Bien que le président ait accepté et envoyé un décret demandant au gouvernement de retirer ces plaintes, seuls trois ministères ont annoncé qu' ils s'y conforment, et la persécution des journalistes s'est poursuivie. Selon les informations de RSF :

  • Le 12 août, la cyberpolice iranienne (FATA) a interrogé la journaliste Fatemeh Gholipour Ganjalou, du média Rokna, au sujet de sa couverture d'une attaque contre une procession religieuse à Tabriz, dans le nord-ouest de l'Iran. La journaliste a également été convoquée par le procureur de Tabriz les 12, 17 et 19 août, et il lui a été rappelé de ne pas remettre en question les actions de la police en matière de sécurité.
  • Le 11 août, un tribunal de Karaj a condamné le journaliste Omid Faraghat à six mois de prison et à deux ans d'interdiction de publication, l'accusant de « propagande ». Faraghat avait été arrêté le 2 mars en raison de son travail, et avait été libéré sous caution quelques heures plus tard.
  • Le 25 août, l'université publique des sciences médicales d'Iranshahr a déposé une plainte contre les journalistes Sheyda Hassan Zahi et Mohamad Yasin Jalal Zahi du média Mayarjal , au motif que leur reportage sur les problèmes de service dans le département de dialyse de l'hôpital diffusait des « informations fausses et insultantes».

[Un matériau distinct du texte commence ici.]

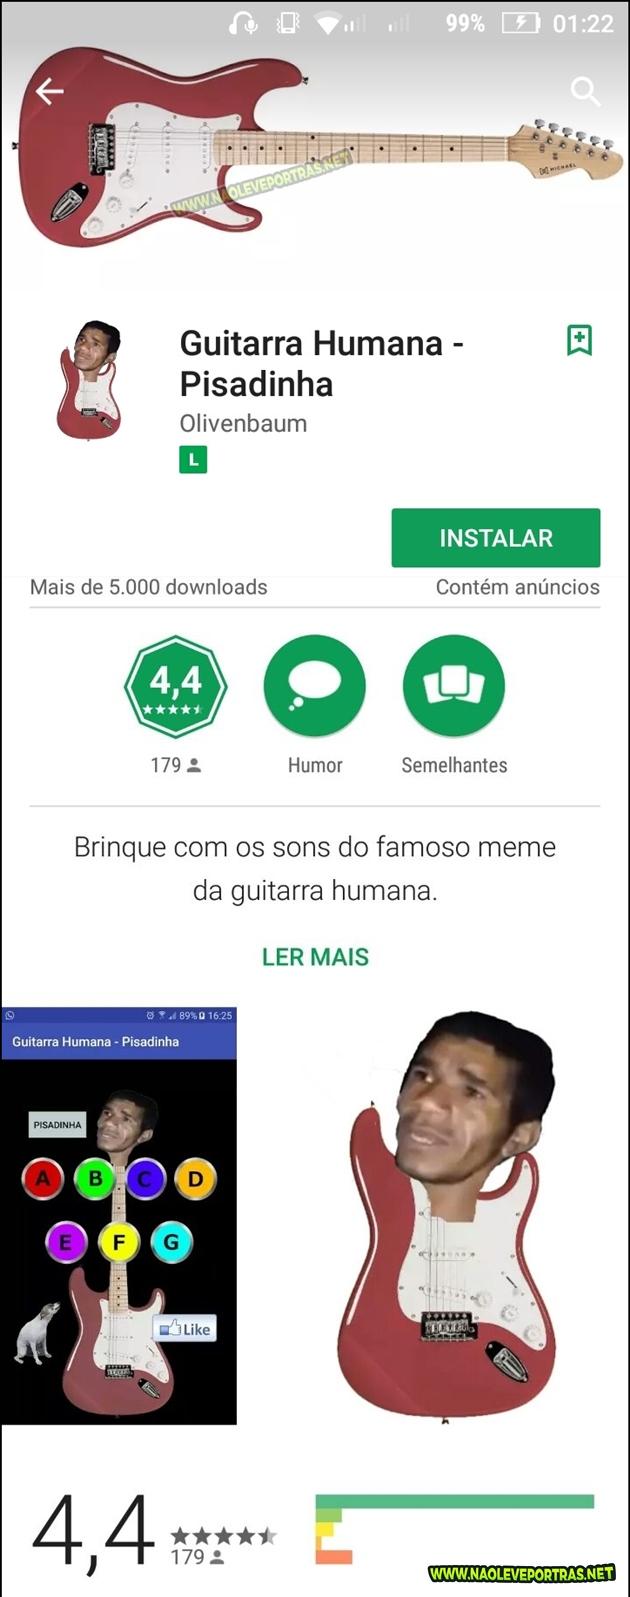 aplicativo guitarra humana

"L'espoir fragile suscité par la décision du président Pezeshkian en août a été de courte durée. La persécution des journalistes en Iran - leur arrestation, leur interrogatoire, leur condamnation et leur intimidation - se poursuit sans relâche. À l'approche du deuxième anniversaire du mouvement « Femme, vie, liberté », nous demandons la libération des 25 journalistes actuellement emprisonnés en Iran - dont 16 depuis les manifestations de 2022 - et la fin du harcèlement juridique à l'encontre des reporters. Le président doit s'assurer que sa demande est respectée et qu'elle s'étend à toutes les autorités et agences en Iran, sans exception ».

Jonathan Dagher
Responsable du bureau Moyen-Orient de RSF

Une autorité présidentielle limitée

La décision du président Pezeshkian ne s'applique qu'aux agences gouvernementales placées sous son autorité. En tant que chef du pouvoir exécutif, il supervise plusieurs institutions, dont les cabinets et les ministères, le Conseil suprême de sécurité nationale et l'Organisation iranienne de l'énergie atomique, entre autres. Cependant, malgré son influence considérable, le pouvoir politique en Iran appartient en dernier ressort au guide suprême de la République islamique, l'ayatollah Khamenei, qui contrôle l'armée, le pouvoir judiciaire et d'autres institutions clés qui ne se soucient pas de la « mesure » du président. Par exemple, le bureau du procureur de Tabriz, qui a convoqué Fatemeh Gholipour Ganjalou, et le tribunal de Karaj, qui a condamné Omid Faraghad, ne relèvent pas de l'autorité présidentielle.
 

En fait, la décision du président du 7 août a été rendue quelques heures seulement après qu'un tribunal révolutionnaire de la province d'Abadan a convoqué les journalistes indépendants Mandana Sadeghi, Arash Ghaleh Golab et Kourosh Karampour pour leur couverture des manifestations « Femme, vie, liberté » deux ans auparavant, selon les informations de RSF. Ils ont été libérés sous caution quelques heures plus tard et attendent actuellement la décision du tribunal.
 

Plus de 100 journalistes ont été interrogés, détenus ou emprisonnés depuis le début du mouvement de protestation déclenché le 16 septembre 2022 à la suite de la mort de l'étudiante kurde Mahsa Amini en garde à vue à Téhéran. Seize d'entre eux sont toujours emprisonnés à ce jour en raison de leur travail, aux côtés de 19 autres journalistes emprisonnés avant le début des manifestations.